GB: EARN focuses on buying, selling and trading in the secondary market, but we will also use financing, buy both mezz and equity, and credit hedge. For example, EARN can have mezzanine paper in the fund with financing applied to it, and then hedge the downside.
If you take a look at why EARN has outperformed so far this year, it’s because we were very concerned when we looked at rates being a little elevated and took caution when investing in CLO equity. We focused much more on mezz as we ramped the portfolio because we wanted the subordination, and we ramped up our credit hedges. We had a concern about CLO equity being an underperformer versus other areas of CLOs.
EARN still bought some equity, but we felt constructing a new issue was unattractive. I think EARN only did one new issue this year. We thought it was a year to trade more.
I actually don’t think we’ve necessarily seen the full effect of this year’s dispersion play out yet. There’s still uncertainty. There are still rates that are supposed to come down a bit. It seems like every few weeks, we see another name experience an idiosyncratic problem. You also have a large cohort of the loan universe that was trading above par, now prepaying and refinancing itself. And I believe you’re going to see more of the same at the start of 2026.
CF: It’s now December. Will you share with me your outlook for CLOs and leveraged loans?
GB: Looking ahead, I think we’re seeing opportunities in both the primary and secondary markets. We are currently still seeing more opportunities in the secondary market as the primary market still struggles in terms of economics. We remain concerned about dispersion, but I think it’s a ‘no bad bonds, only bad prices’ type of market where we’re active in both and are going to continue on that trajectory.

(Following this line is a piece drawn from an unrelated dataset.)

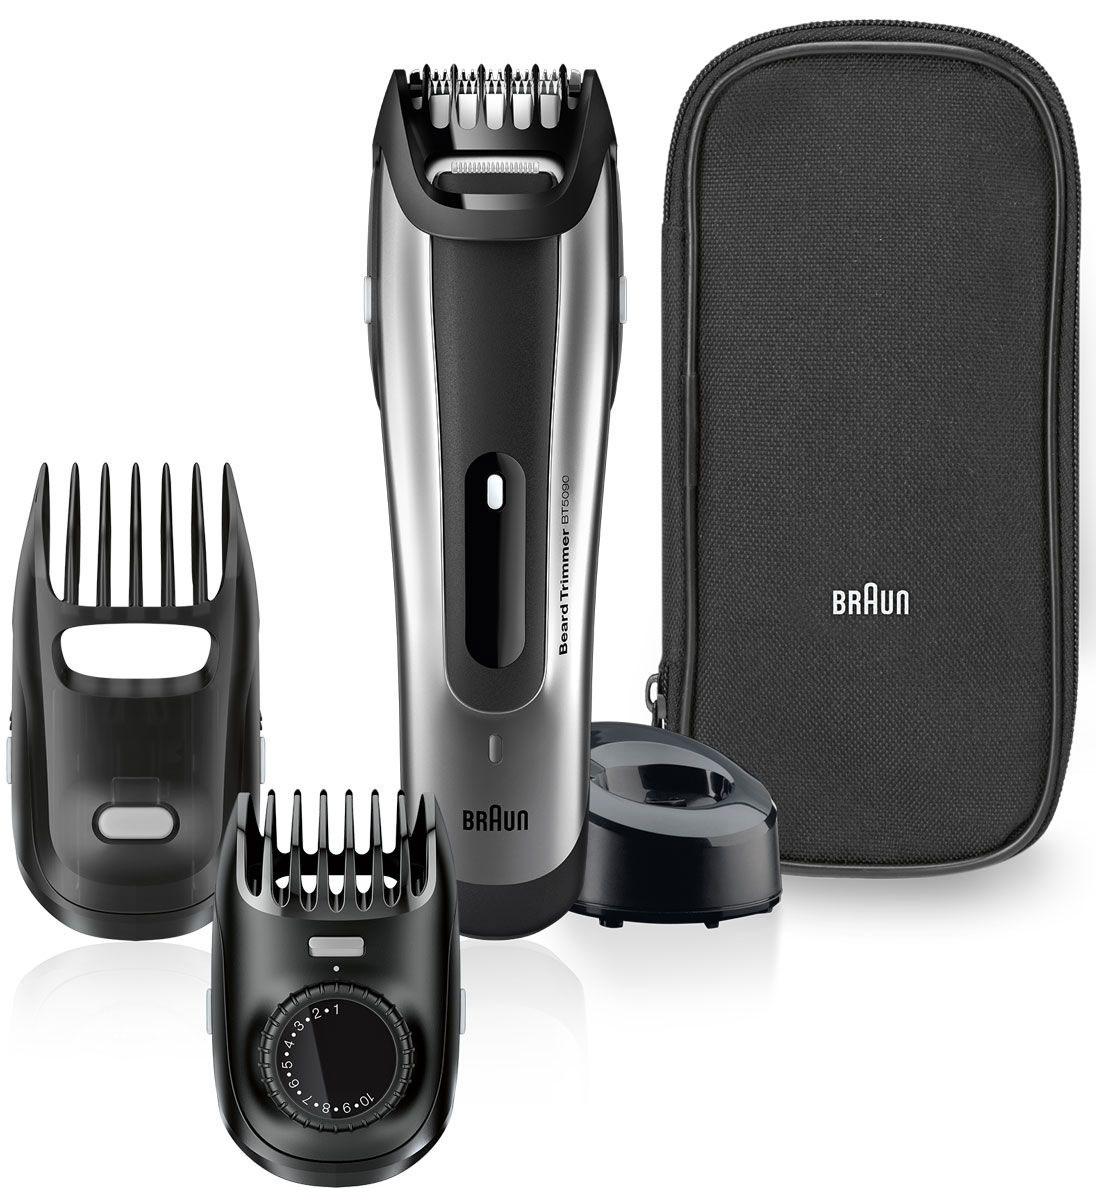 все цены на Триммер для бороды и усов Braun BT 5090 онлайн
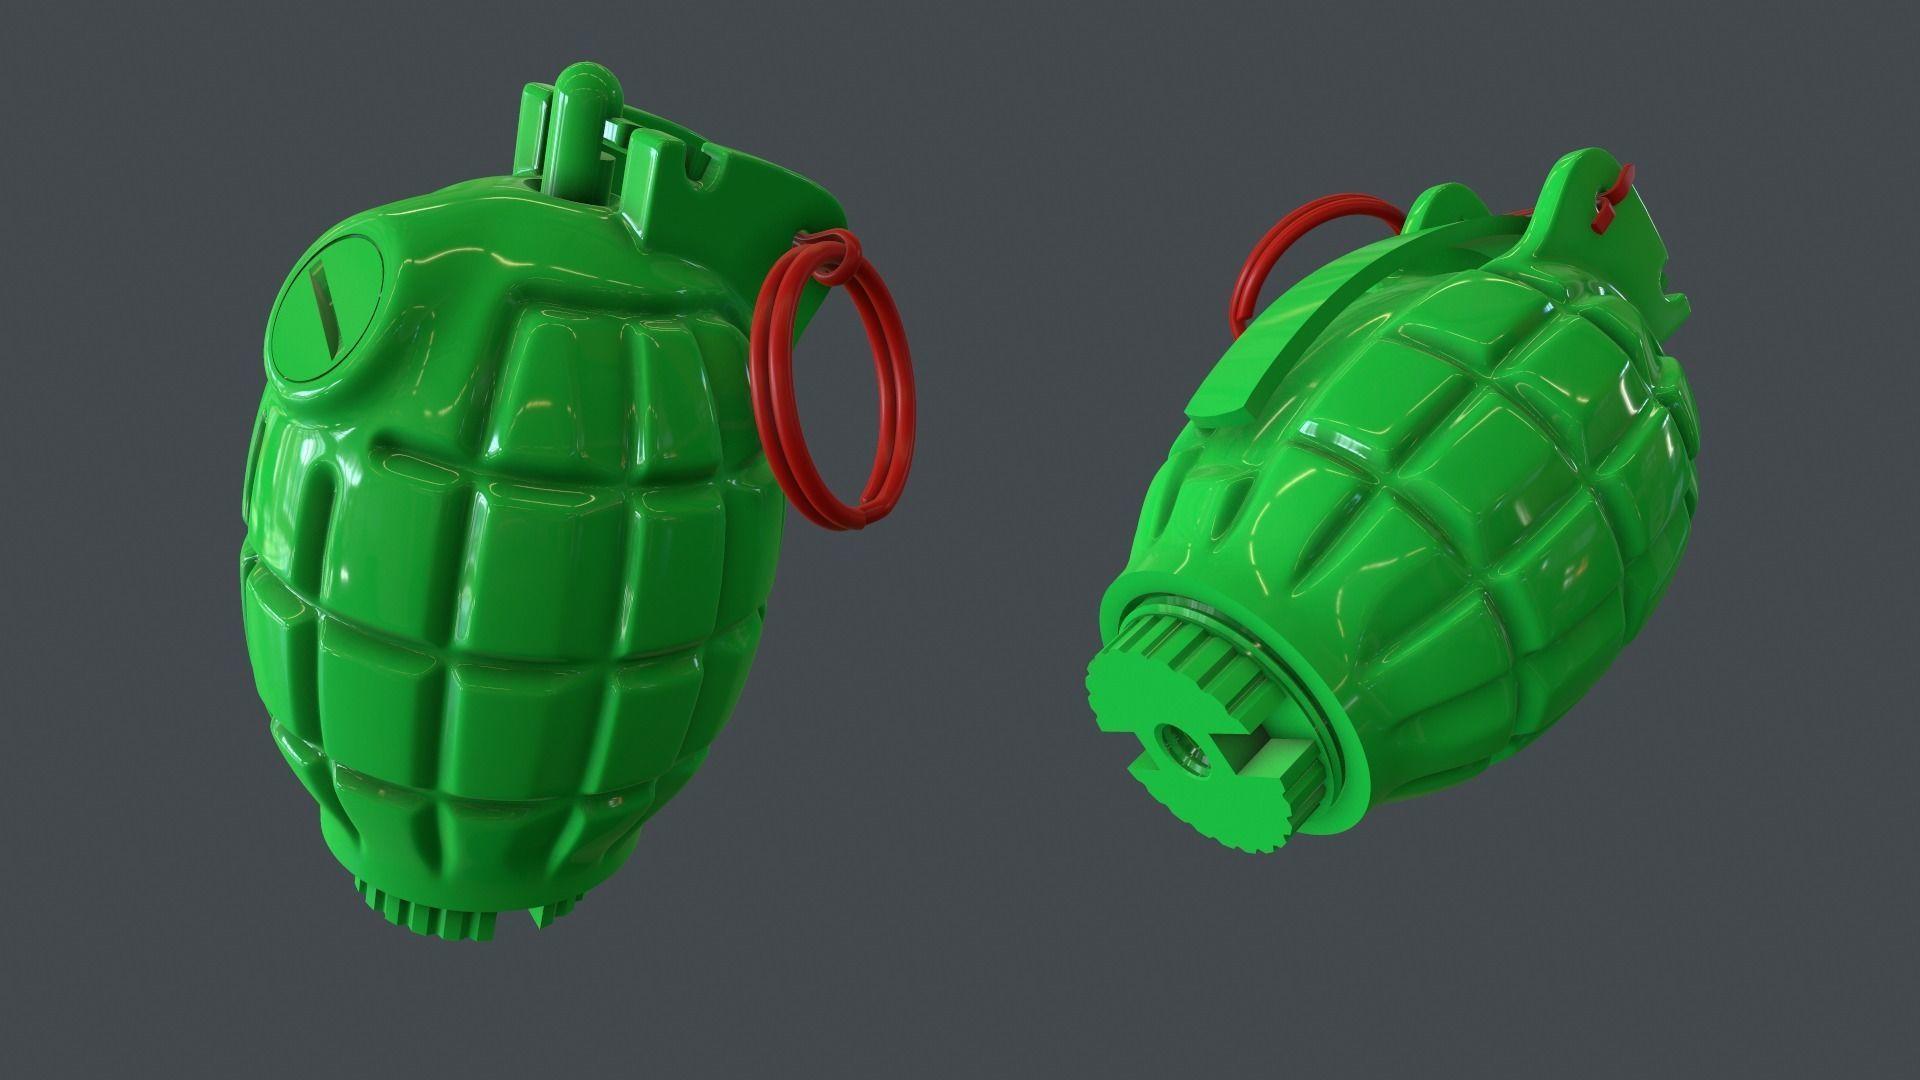 Mills bomb No 36M grenade

We’ve also continued to see record new issuance of CLOs and leveraged loans. That type of supply keeps liabilities from coming in too much. And once again, not enough to compensate you for what’s going on the asset side if you’re holding CLO equity. I’ve heard the theory that loans can widen out because of additional supply. I have yet to see that. CLOs are such a big portion of the loan market now.
Technically, leveraged loans are just very well supported. So, if you’re going to make the argument that the loan market grows and it puts us back to wider spreads, just understand on the other side that means more pain has to come first.